Harry nodded. “When President Roosevelt died, Mr. Dulles went to President Truman and told him of the deal he’d made. Truman gave him permission to continue with the deal until he’d had time to think it—as well as the the entire question of the OSS—over.”

“I don’t understand. . . .”

“The OSS was not popular with either the Army establishment or with the FBI—Mr. Hoover believed the FBI should have been in charge of both intelligence and counterintelligence—or the State Department or the Navy or, as I said before, especially the Treasury Department. There had been calls for our disbandment even before the war was over. On becoming President, Truman was subjected to enormous pressure to immediately put us out of business.”

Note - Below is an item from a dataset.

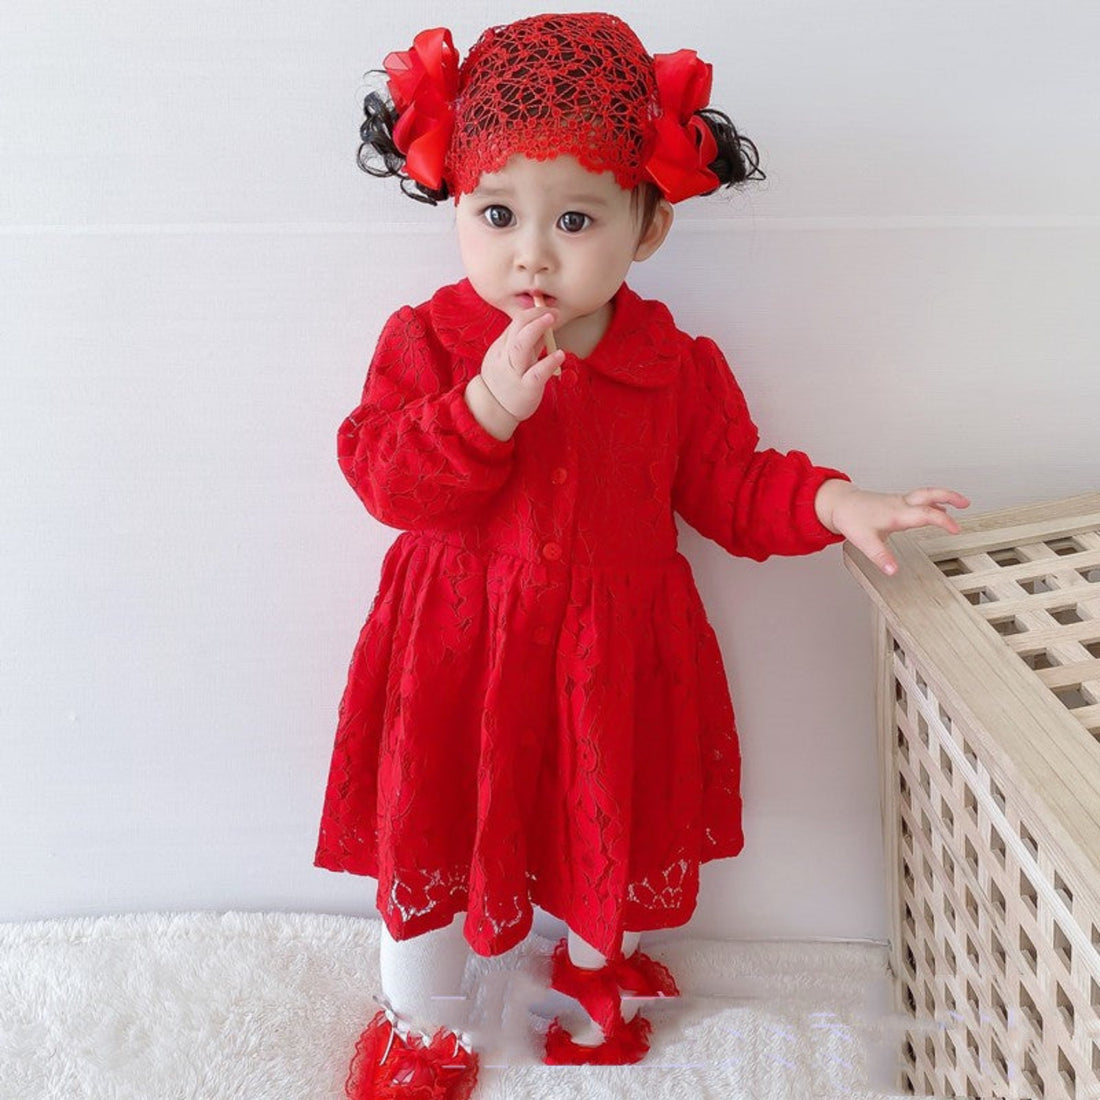 Close-up of a red baby girl dress with delicate lace and a cute bow.

“And I think he would have,” Mattingly spoke up again, “had his feelings not been hurt by his not having been told about the atomic bomb. If it hadn’t been for that, he would have gone along with the Army brass, Hoover, and Morgenthau.”

“Excuse me,” Cronley said. “If it hadn’t been for what?”

“The day after Truman became President,” Harry said, “Lieutenant General Leslie Groves, who headed the Manhattan Project, went into the Oval Office and said, in effect, ‘Mr. President, there’s something you have to know. We have a secret weapon of enormous power, an atomic bomb.’”

“He was Vice President and didn’t know about the atomic bomb?” Cronley asked, incredulously.

“He was Vice President and didn’t know about the atomic bomb,” Mattingly confirmed. “Roosevelt didn’t think he had the need to know. Which I believe was good for us, the OSS. Truman began to question the motives of those calling for our destruction. He did not shut us down immediately, and he gave Mr. Dulles permission to continue our arrangement with General Gehlen.”

“But you said he did order the end of the OSS,” Cronley said.

“He did. We’re officially shut down. But Mr. Dulles was able to convince the President that the arrangement with General Gehlen was too important not to continue. It could not be turned over to the Army or anyone else. If that had happened, it would have been exposed, and public outrage would have killed it once and for all.”

“Public outrage about what?”

“General Gehlen proposed the arrangement for two major reasons,” Mattingly said. “First, he genuinely believed the Soviets were evil and intended to take over all of Europe and then the world. And that the only thing that could stop them was us, the United States Army. And he knew how valuable his assets would be to us.

“Second, Gehlen knew there would be enormous pressure on Eisenhower to turn over to the Soviets anyone connected with Abwehr Ost. He knew that that meant his people and their families would be interrogated—tortured—and then either killed or shipped off to Siberia to be worked to death.

“So the price for his assets was the protection of his people. And we agreed to protect them.”